The Instagram post shows a man's bare chest, a surgical scar running diagonal across his sternum, and Jade's manicured hand resting just above it.
I know that scar. I've traced it with my fingertips a hundred times, felt the raised tissue where the knife went in during his residency rotation in trauma surgery. Callum told me the story on our third date — a patient who coded during a routine procedure, the way he'd thrown himself across the table to manually compress the heart, the scalpel that caught him when the patient seized.
The caption reads: "My favorite surgeon. Some things are worth the wait. 💕"
Posted four hours ago.
My phone slips from my hand onto the bridal boutique's plush carpet. The seamstress kneeling at my feet looks up, pins still between her lips.
"Everything okay?"
I can't answer. Can't breathe. The wedding dress suddenly feels like it's crushing my ribs.
My best friend Mira picks up my phone, her expression shifting from concern to fury in the space of a heartbeat. "That absolute piece of—"
"I need to get out of this dress."
"Liv—"
"Now."
The seamstress helps me out of the gown with practiced efficiency, not asking questions. I'm grateful for that. I pull on my jeans and sweater with shaking hands, my mind racing through every moment of the past six months. Every late night at the hospital. Every surgery that ran long. Every time he came home smelling like expensive perfume that wasn't mine.

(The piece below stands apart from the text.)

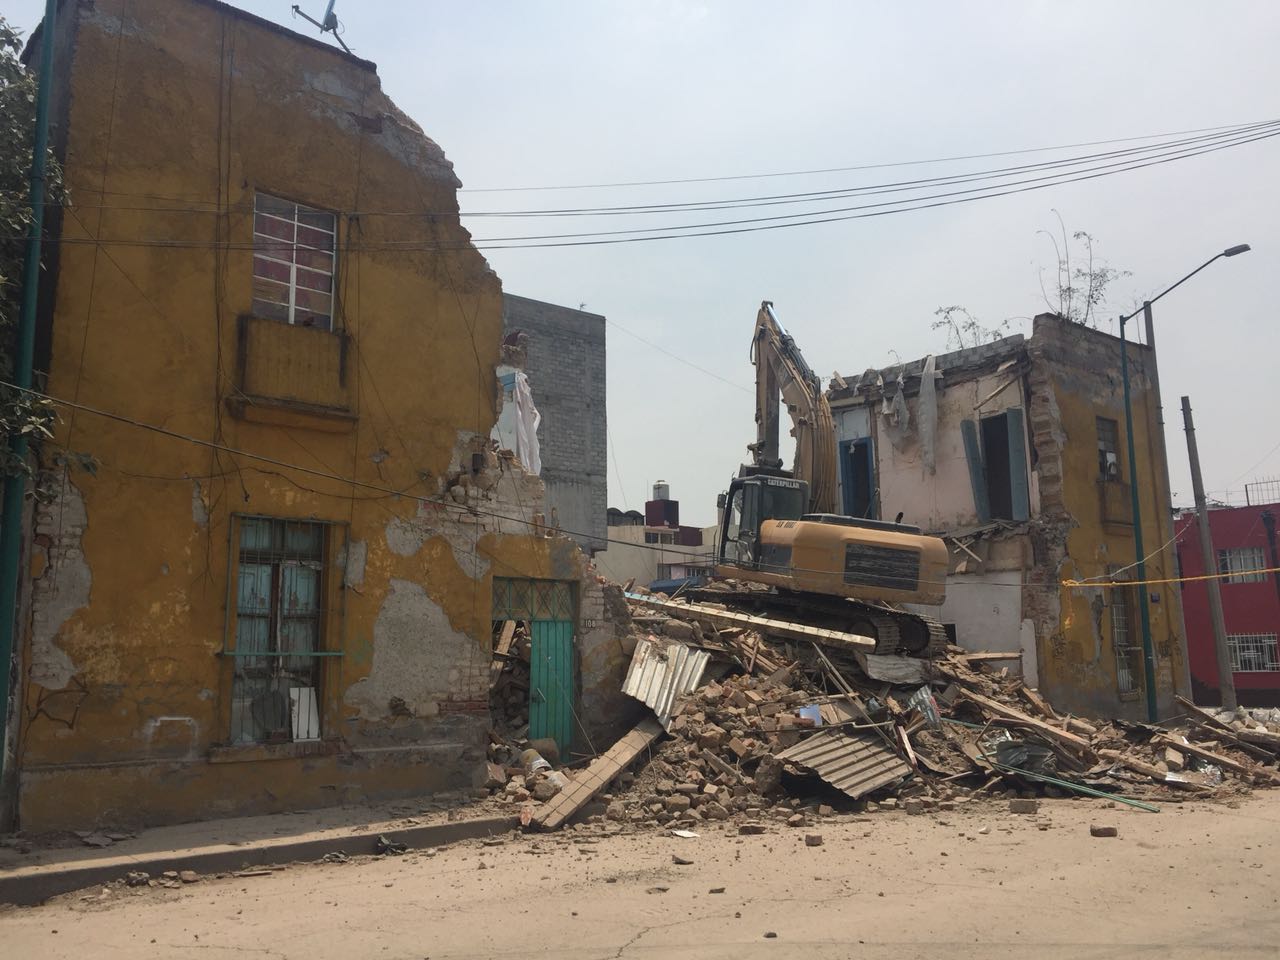 Concluyeron demolición de dos inmuebles en Cuauhtémoc

Jade Winters. His ex-girlfriend from medical school. The one he said ended things when she couldn't handle the demands of his residency. The one he promised was ancient history.
The one whose hand is currently resting on his bare chest.
I'm in my car before I realize I'm moving. Mira's voice follows me into the parking lot, but I'm already pulling out onto the street, driving toward the apartment Callum and I share. The apartment where I moved half my things last month. The apartment where I've been planning our future.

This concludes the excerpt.